Jessica Potenza - "REVERIE III - TRIPTYCH" Equine Art

By Red Scarf Equestrian

$3,950.00

A beautiful piece by the artist Jessica Potenza. The minimal, intricate, and colourfully painted pieces are a lovely addition to any space. Each piece unique, yet able to embody so much of the equestrian and country lifestyle, while being able to mimic the mesmerizing power and lively energy horses give off. This is a piece that will surely be a show stopper and conversational piece in any room!

SPECS

  • 30" H x 60" W
  • Multimedia on Canvas

ABOUT THE ARTIST: JESSICA POTENZA

Jessica Potenza is self-taught Montreal born artist who has been working professionally since 2011. She has a trademark of mixing different coffees with Japanese ink, and acrylic to create her art and give it meaning.   

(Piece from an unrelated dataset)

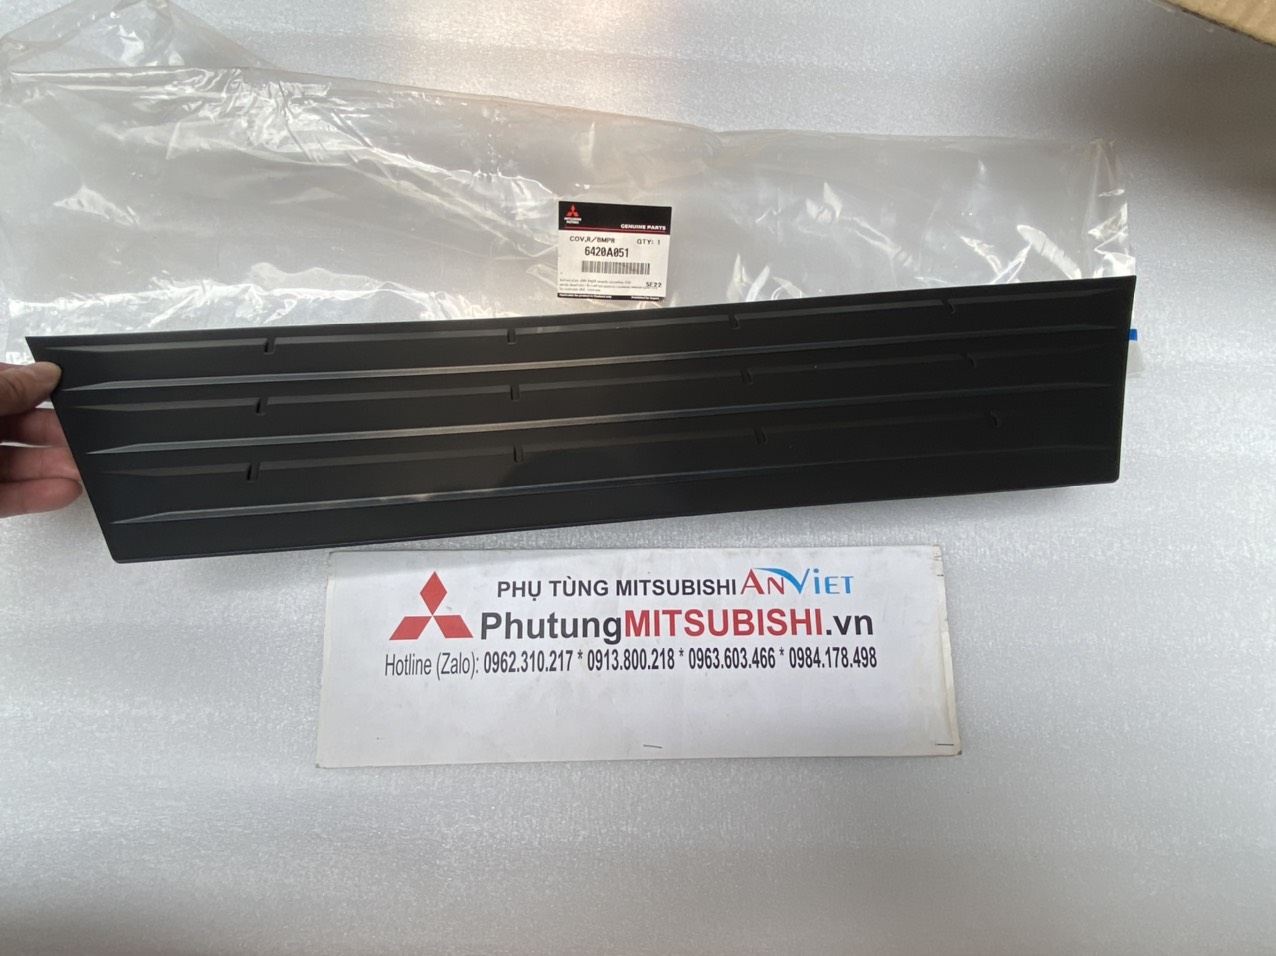 Ốp nhựa đen trên ba đờ sốc sau xe mitsubishi Triton 2019-2025

In 2012-2013 she was represented by EDA – Entrée Des Artistes, a Montreal based studio and gallery that works hand in hand with major art collectives and galleries in Montreal. Throughout 2014, she worked alongside well known artist Niko, whose gallery exposed her latest collections. 

In 2014, Jessica began working with Cirque Cavalia. Her work is on tour with them throughout Asia and the Americas. Jessica’s piece, ‘Holy Cheval’ was awarded a Silver Medal in an Exposition held at the Vatican in Rome. 

“I’m inspired by life, people, stories, photography and beauty I see in everything and everyone around me. I like viewing life like one would through a camera lens slowing it down frame by frame and appreciating the beauty in the contents of the stills that are created. Animals have had a major influence in my life. Working with horses has granted me the ability to communicate in a language that is not dependent on words. It’s allowed me to develop a watchfulness, understanding and appreciation for things in this world, in a way I otherwise might not have been able to. The subjects in my art, mostly animals, represent power, independence, purity and freedom. Furthermore, however, the strengths resonated by these images also represent something even more significant than the images themselves.”